In the midst of the pandemic, the Petra National Trust was continuing and expanding its local engagement work. Digital training for local cultural heritage associations in Petra focused on building the capacities of local women’s associations and not-for-profit organisations in the Petra region through digital transformation of their businesses and in support of the local handicrafts sector. Another PNT effort at community engagement and empowerment was a weekly programme during Ramadan via the online platform Zoom. In all, 89 children participated in a programme designed to engage them in online learning activities about cultural heritage and to entertain them through storytelling, friendly competitions using the Kahoot gaming platform, and arts and crafts.

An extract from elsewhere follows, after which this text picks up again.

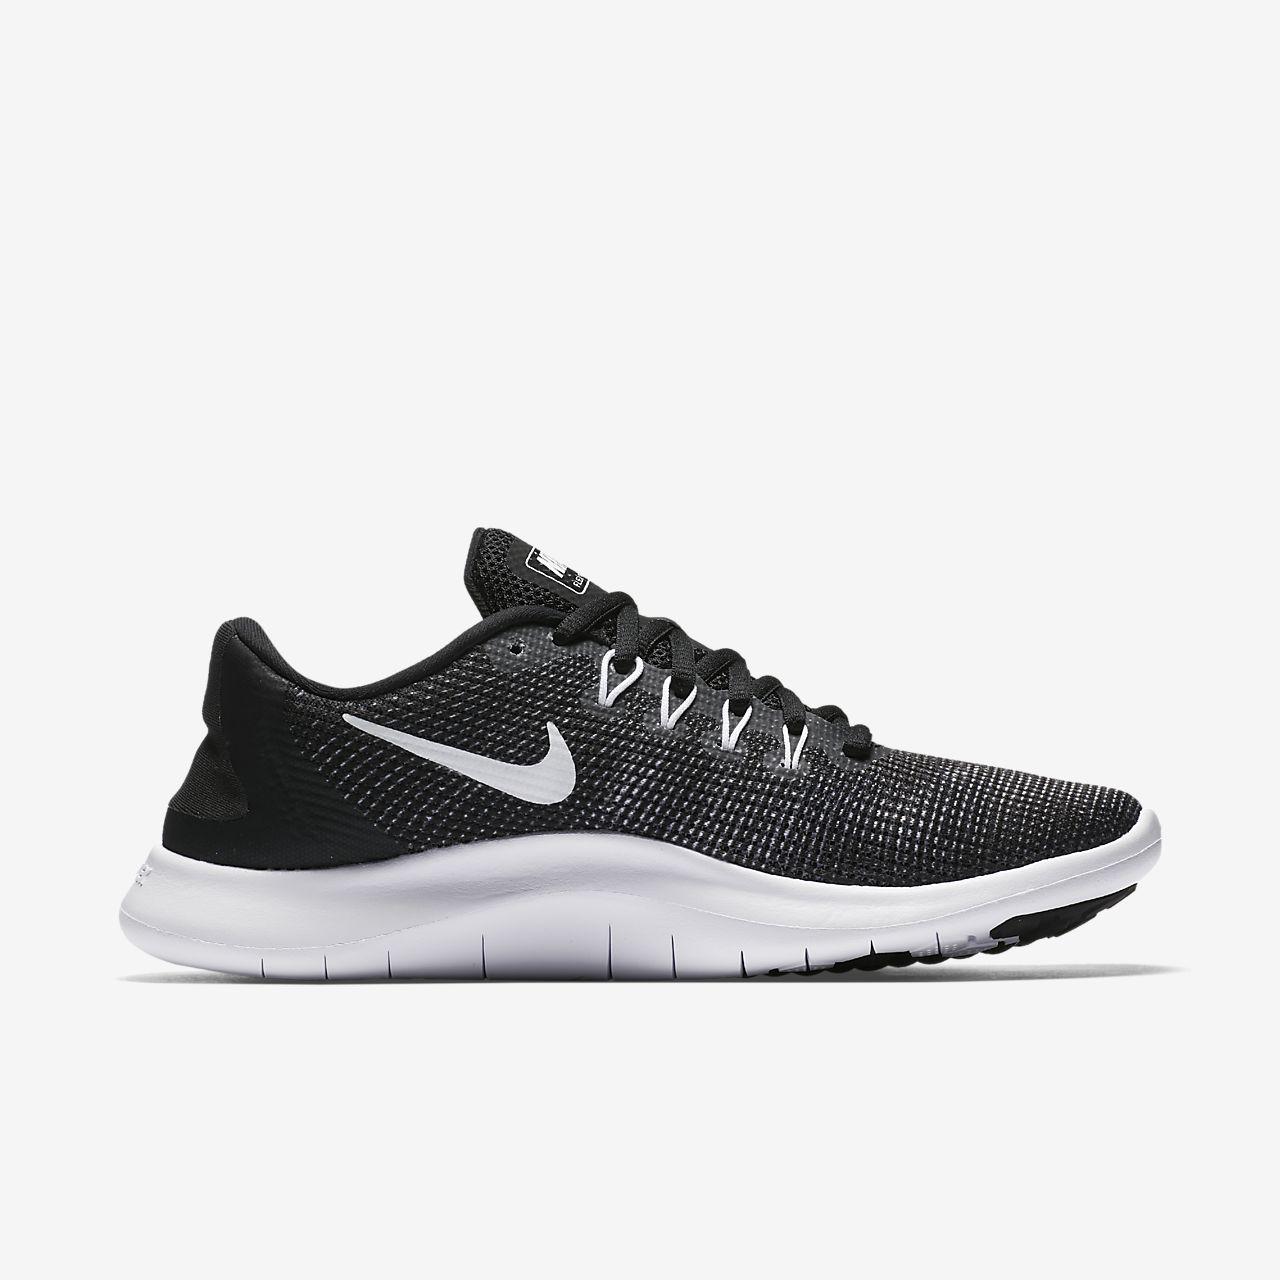 Nike Flex RN 2018 Shoes $37 Shipped

In response to changes through the years, our study noted that MMT had worked diligently through its most recent planning efforts to ensure that its core mission prioritized the needs of the local community. Engagement with young people is at the heart of the work of MMT, ensuring that future generations know of the Fort’s history and leadership role in Jodhpur. In our return visit, we found that during 2021 and into 2022, Mehrangarh Museum Trust conducted a series of life skills workshops for children of the Langa community of folk musicians under a special initiative. These workshops ― focused on various elements of life today ― helped place the Fort and its history as part of a continuum of past, present, and future for the next generation of citizens.
We appreciate the assistance of INTO member organisations in sharing their experiences in community engagement with the larger INTO and cultural heritage family. The breadth of this work is wide and only limited by our imaginations. The value of including our neighbours in our work is incalculable.
As INTO Chair Dame Fiona Reynolds, DBE wrote in the report’s foreword, “Some of the world’s most famous heritage sites have re-thought their relationships with the communities around them.” In the process of that reconsideration, their conservation and engagement ambitions have been enriched. “Not only are local people our neighbours,” wrote Fiona at the height of the pandemic, but “at a time of few or no visitors they need even more to become our partners, our collaborators and our friends.”
We are looking forward to the conversations in Dundee and beyond.